Problem description –
Beginning at the line containing "DHAKA, BANGLADESH 17th", repeat each line below exactly up to and including the line containing "Image of first". Do not repeat the pictures.

Records provided –
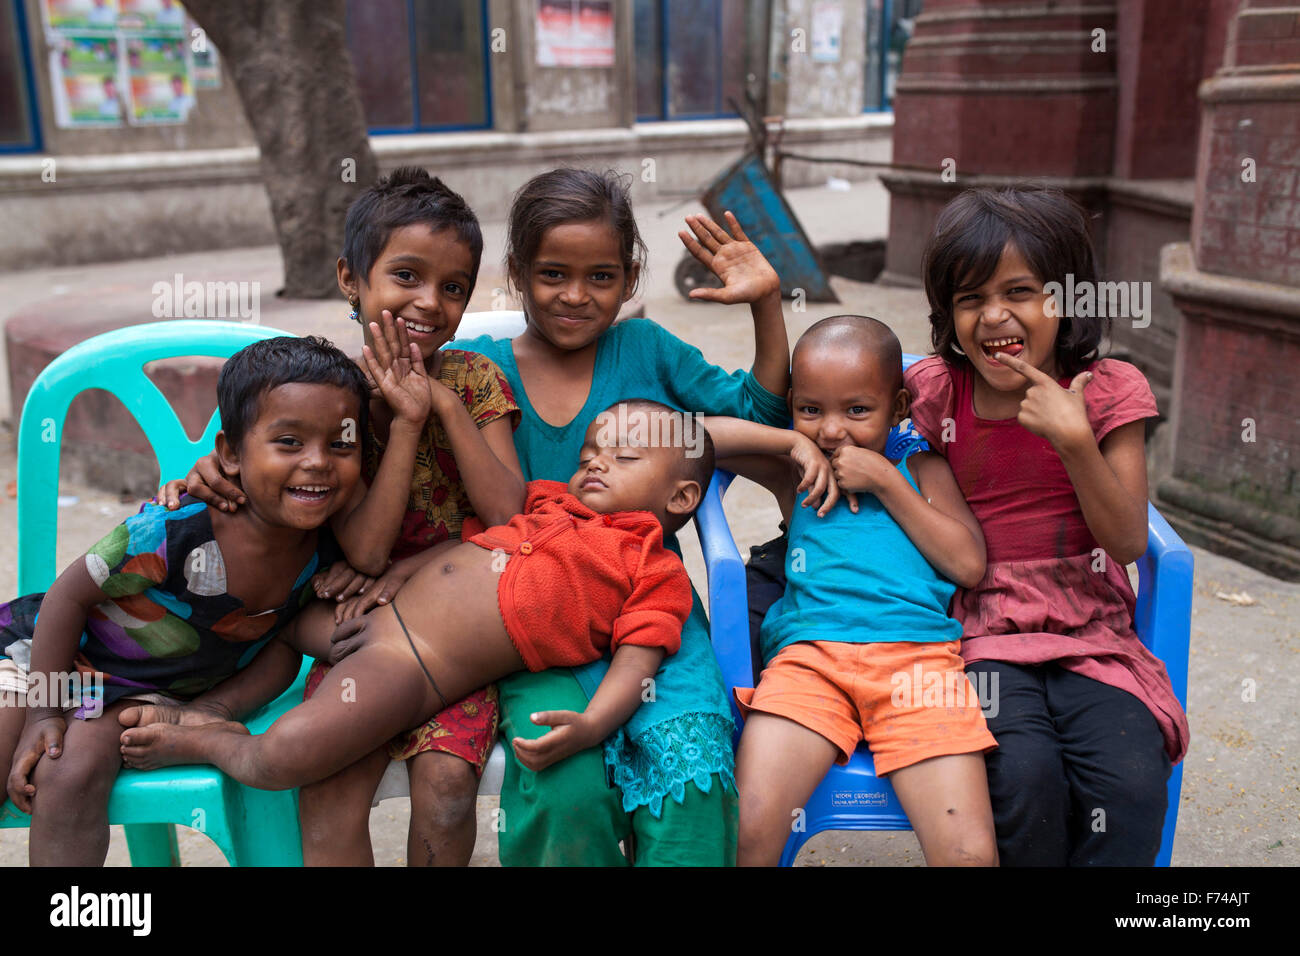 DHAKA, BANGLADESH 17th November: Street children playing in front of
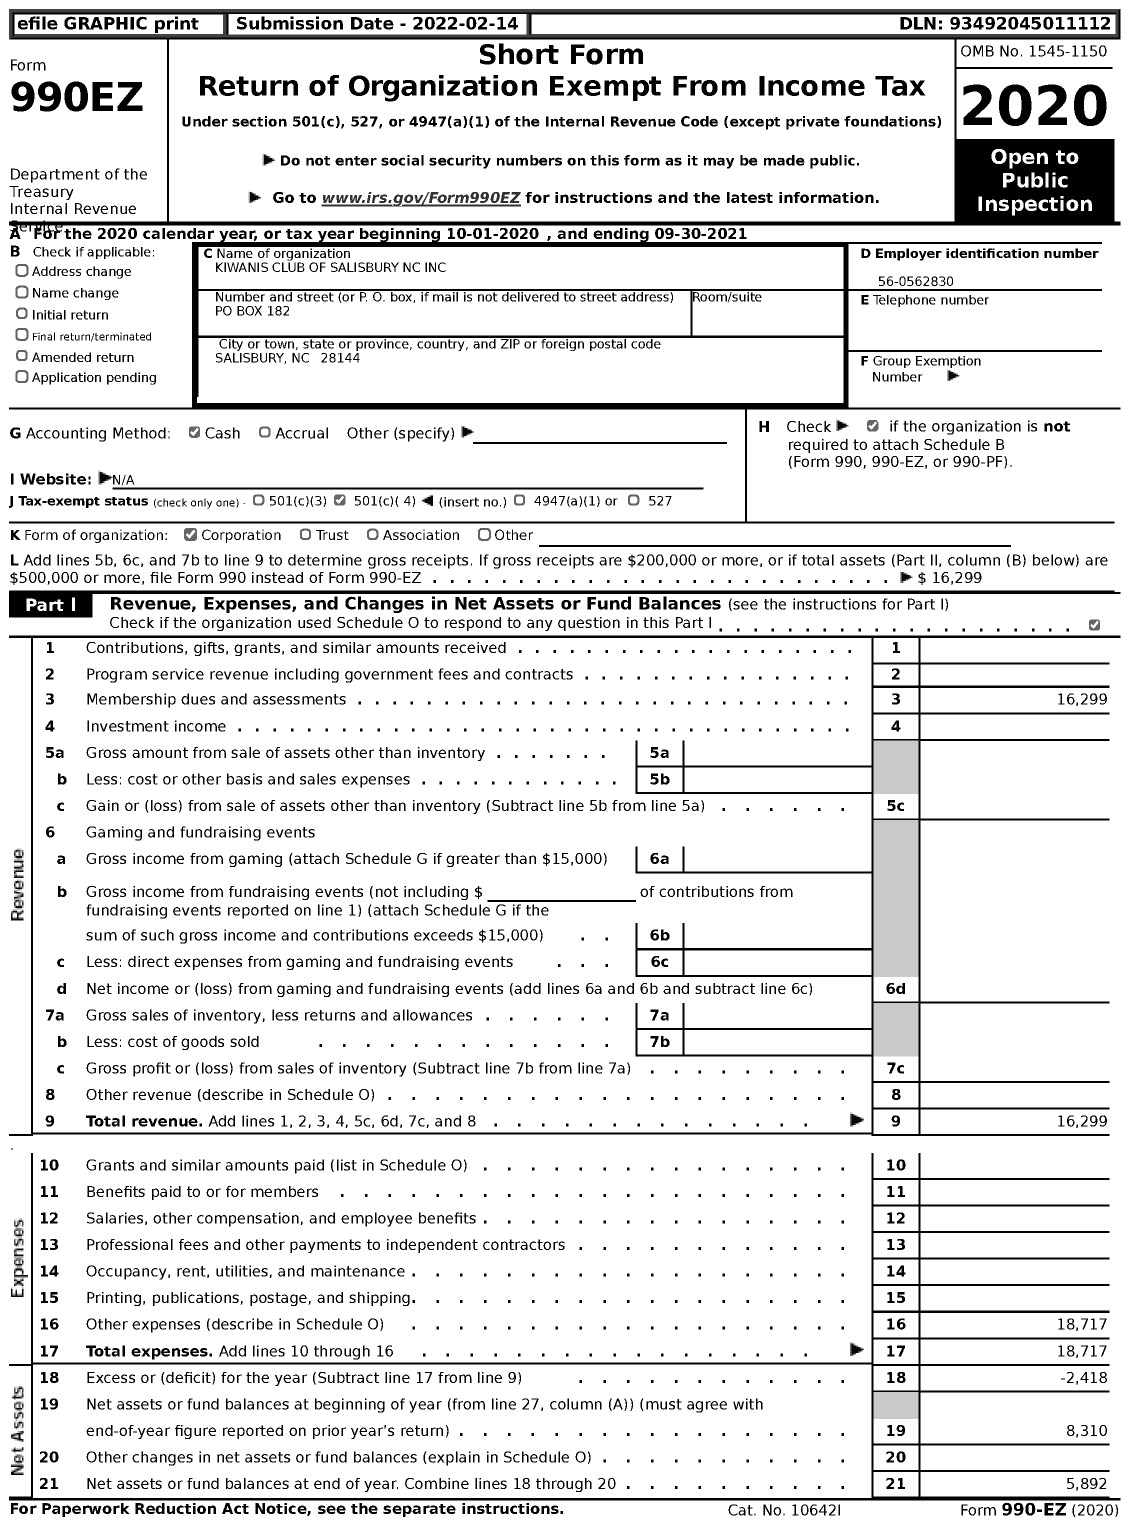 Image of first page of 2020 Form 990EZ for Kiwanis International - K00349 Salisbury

--

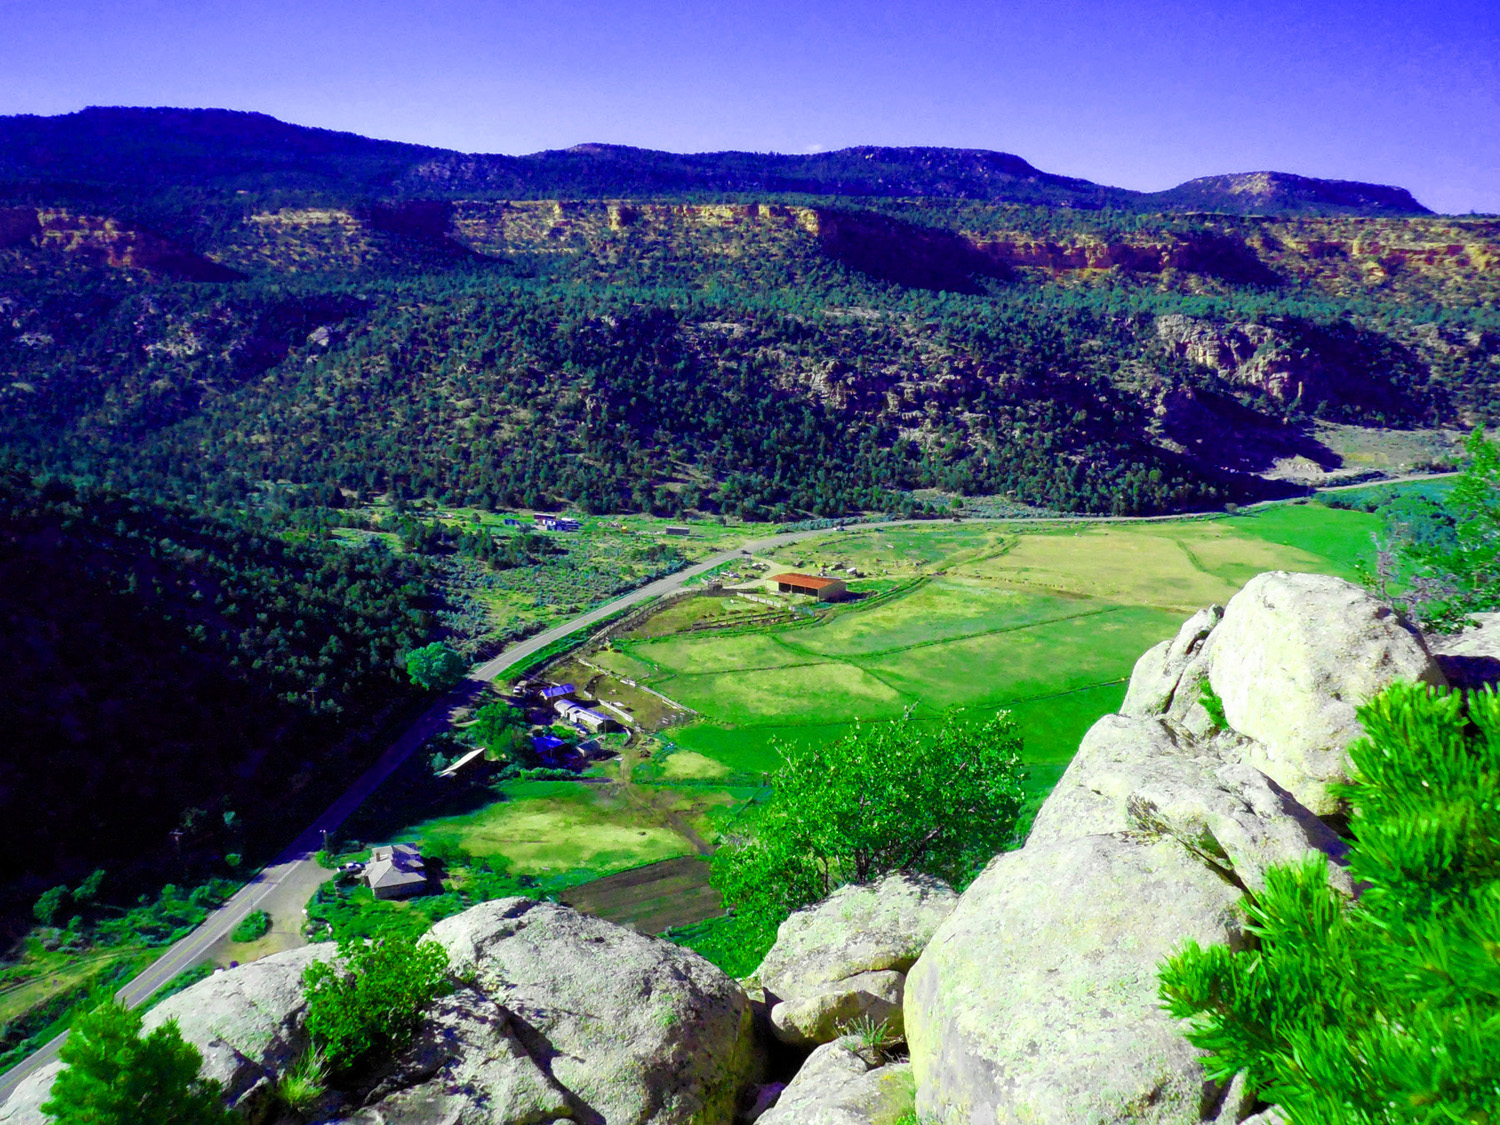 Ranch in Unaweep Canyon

Reply –
 DHAKA, BANGLADESH 17th November: Street children playing in front of
 Image of first page of 2020 Form 990EZ for Kiwanis International - K00349 Salisbury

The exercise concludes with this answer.